Adding AI in pieces isn’t transformation. It’s a faster version of the same problem.
Most companies modernizing with AI are bolting it on one tool at a time — and quietly recreating the exact fragmentation they’re trying to escape.
There’s a comfortable story going around: that adopting AI is how a company modernizes. Get everyone a chatbot. Buy the AI feature in the accounting tool. Let the marketing team use an AI writer. Add an AI scheduler. Tick the boxes. Modern.
It feels like progress. It is, mostly, an illusion — and an expensive one.
Here’s what actually happens. A company that was already a set of disconnected silos — sales not talking to operations, finance blind to delivery, knowledge trapped per department — adds AI inside each silo. The salesperson’s chatbot makes the salesperson a little faster. The finance AI helps finance. The marketing tool helps marketing. Each one is genuinely useful inside its box.

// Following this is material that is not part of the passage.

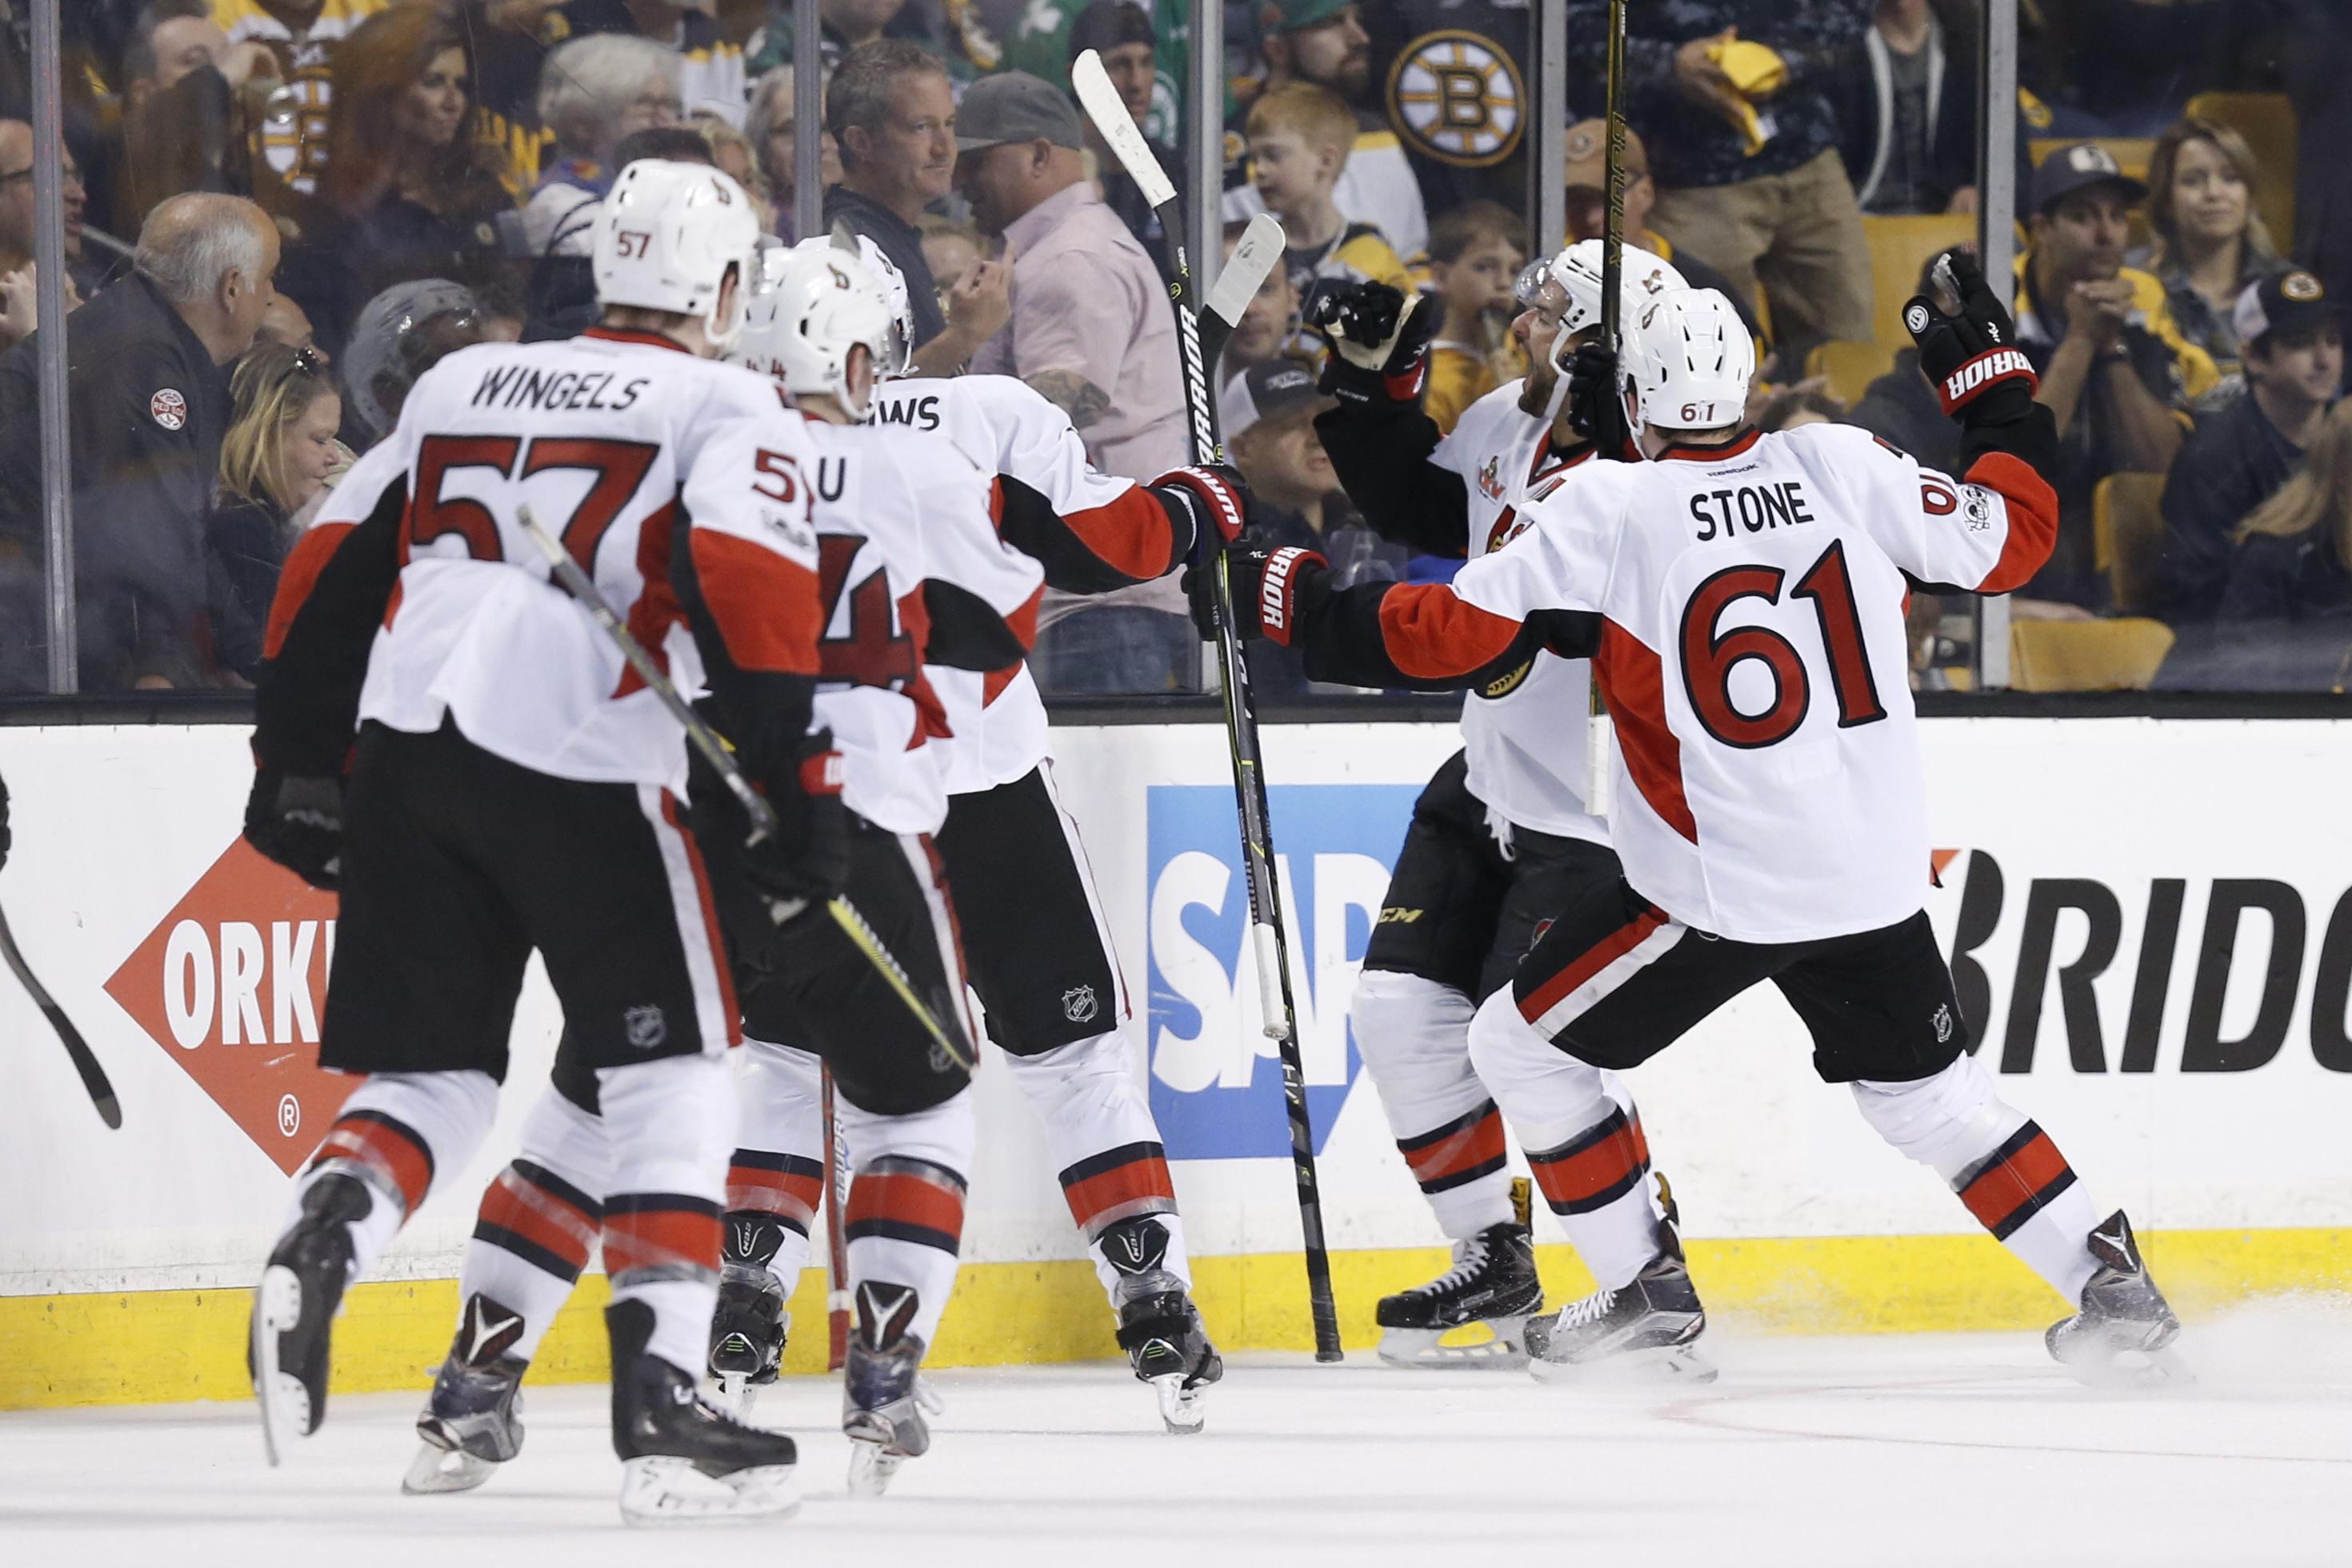 Karlsson helps Senators edge Rangers 2-1 in Game 1

But the boxes don’t change. The salesperson’s AI knows nothing about delivery. The finance AI can’t see the pipeline. The marketing tool has no memory of what operations learned last quarter. You’ve added intelligence everywhere and orchestrated it nowhere. The company is now a set of disconnected silos — with engines bolted on. Busier. More expensive. Just as fragmented.

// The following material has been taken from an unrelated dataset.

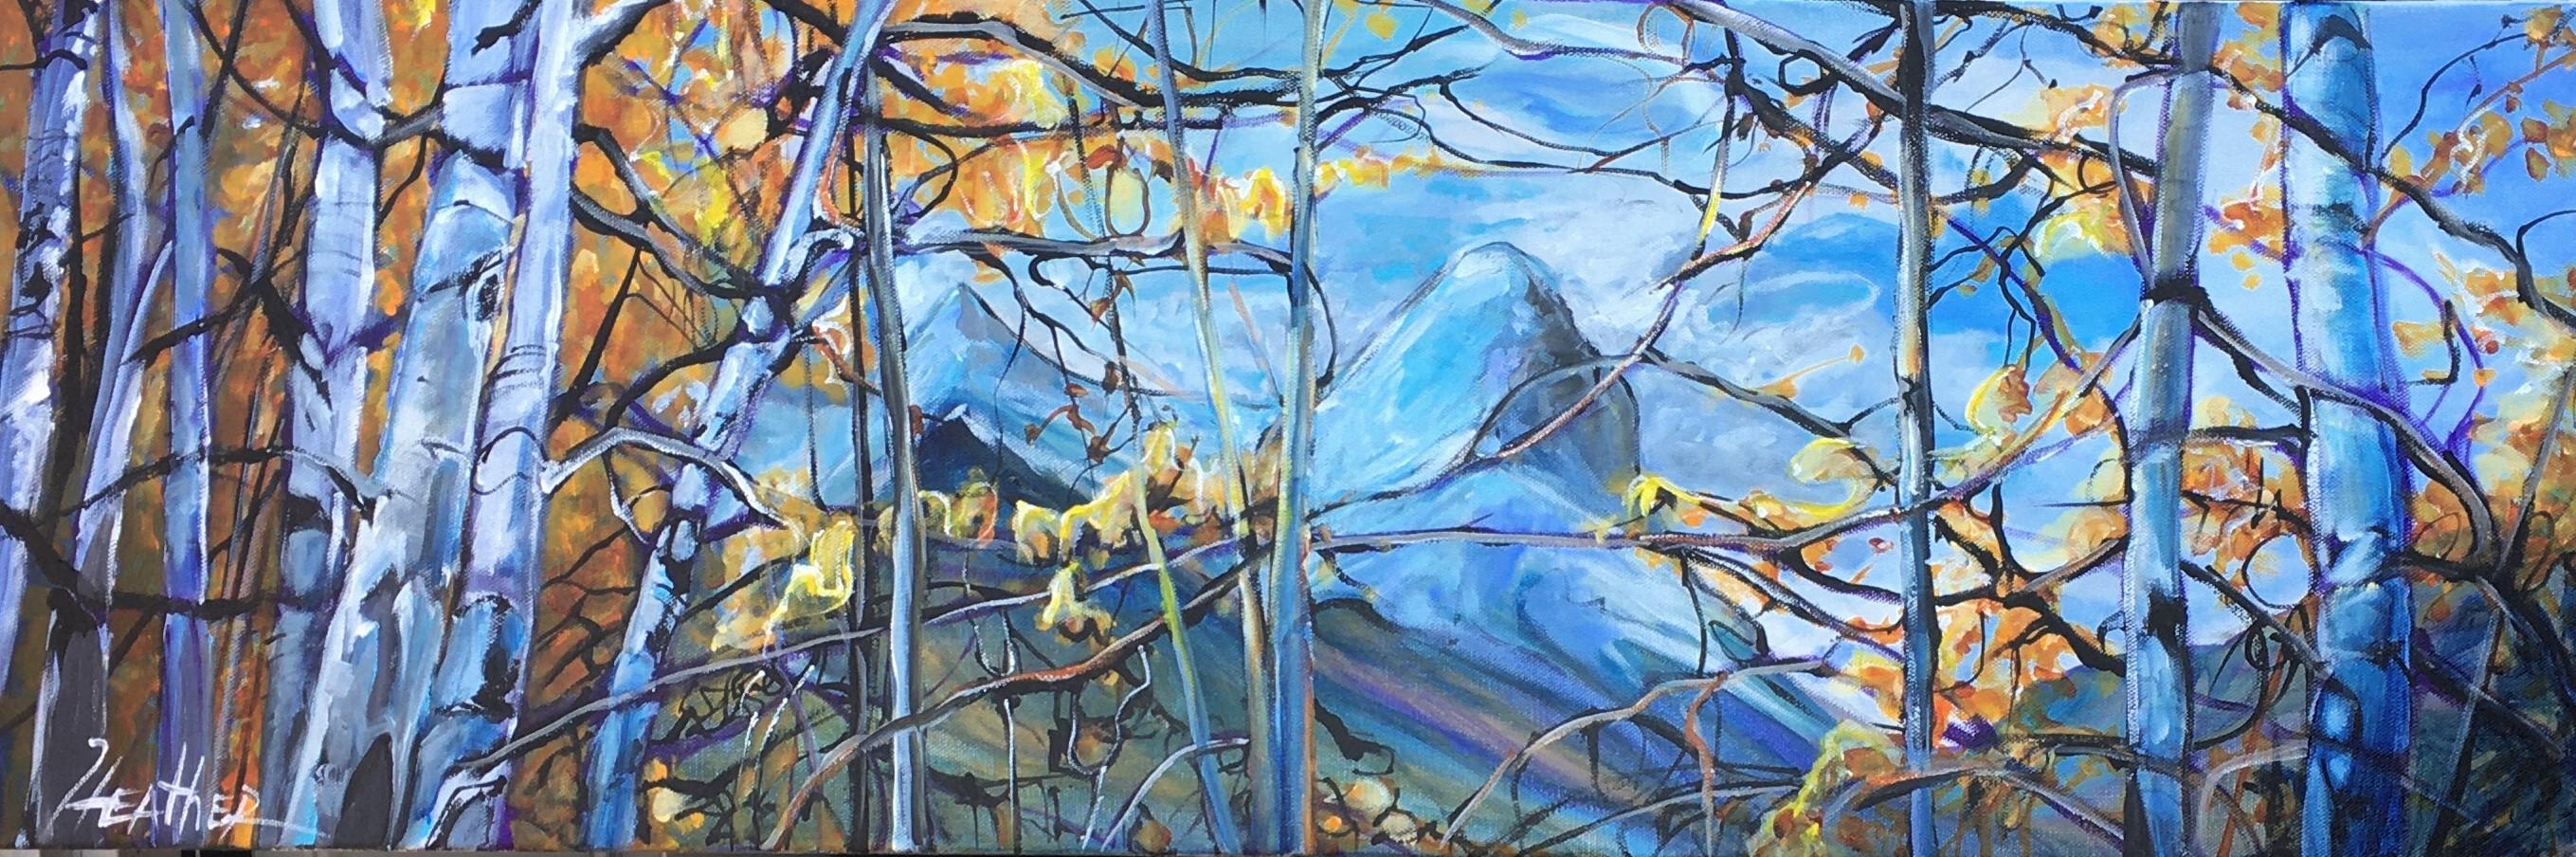 Ha Ling through the Trees 12 x 36 $1500

This is the trap, and almost no one names it: individual AI doesn’t fix a broken architecture. It accelerates it. The leadership team is still making decisions on filtered, delayed information — now summarized by an AI, but no fresher and no less filtered. The data is still scattered across a dozen systems — now read by a dozen different AIs that don’t share what they find. When the person with the chatbot leaves, the chatbot leaves too, and so does everything it helped them figure out.

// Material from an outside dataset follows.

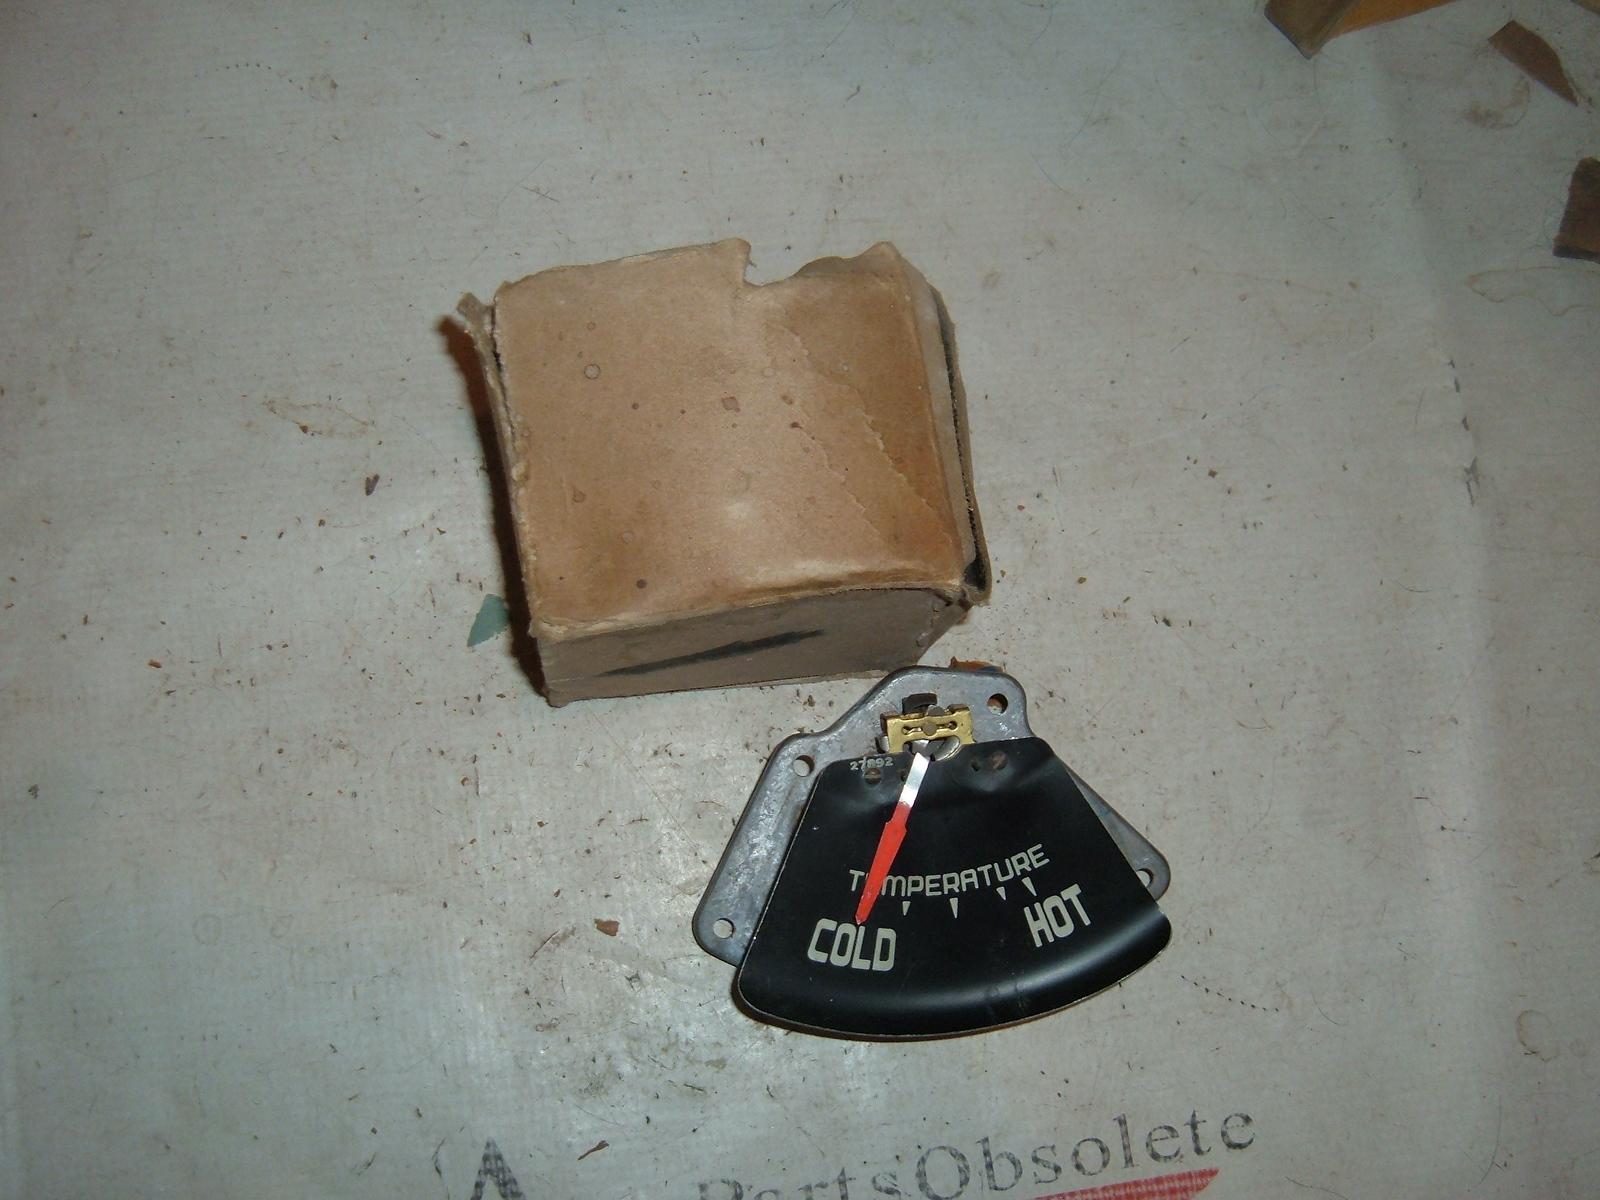 1957 1958 chrysler imperial temperature gauge nos mopar # 1753593 (z 1753593)

The reason this happens is that “AI adoption” got framed as a purchasing decision — which tools to buy — when it was always an architecture decision: how should intelligence flow through the enterprise as a whole?
A company doesn’t become intelligent by giving every employee a smarter assistant. It becomes intelligent when its intelligence is orchestrated — when what sales learns reaches operations, when what finance sees informs the forecast, when the whole organization runs on one connected intelligence instead of forty disconnected ones. That’s not something you buy a license for. It’s something the system has to be built to do.
The test is simple. Ask of any AI investment: does this connect, or does this add another island? A faster silo is still a silo. The point was never to make each box smarter. The point was to stop running the company as a set of boxes.
Adding AI in pieces isn’t transformation. Transformation is when the pieces become one.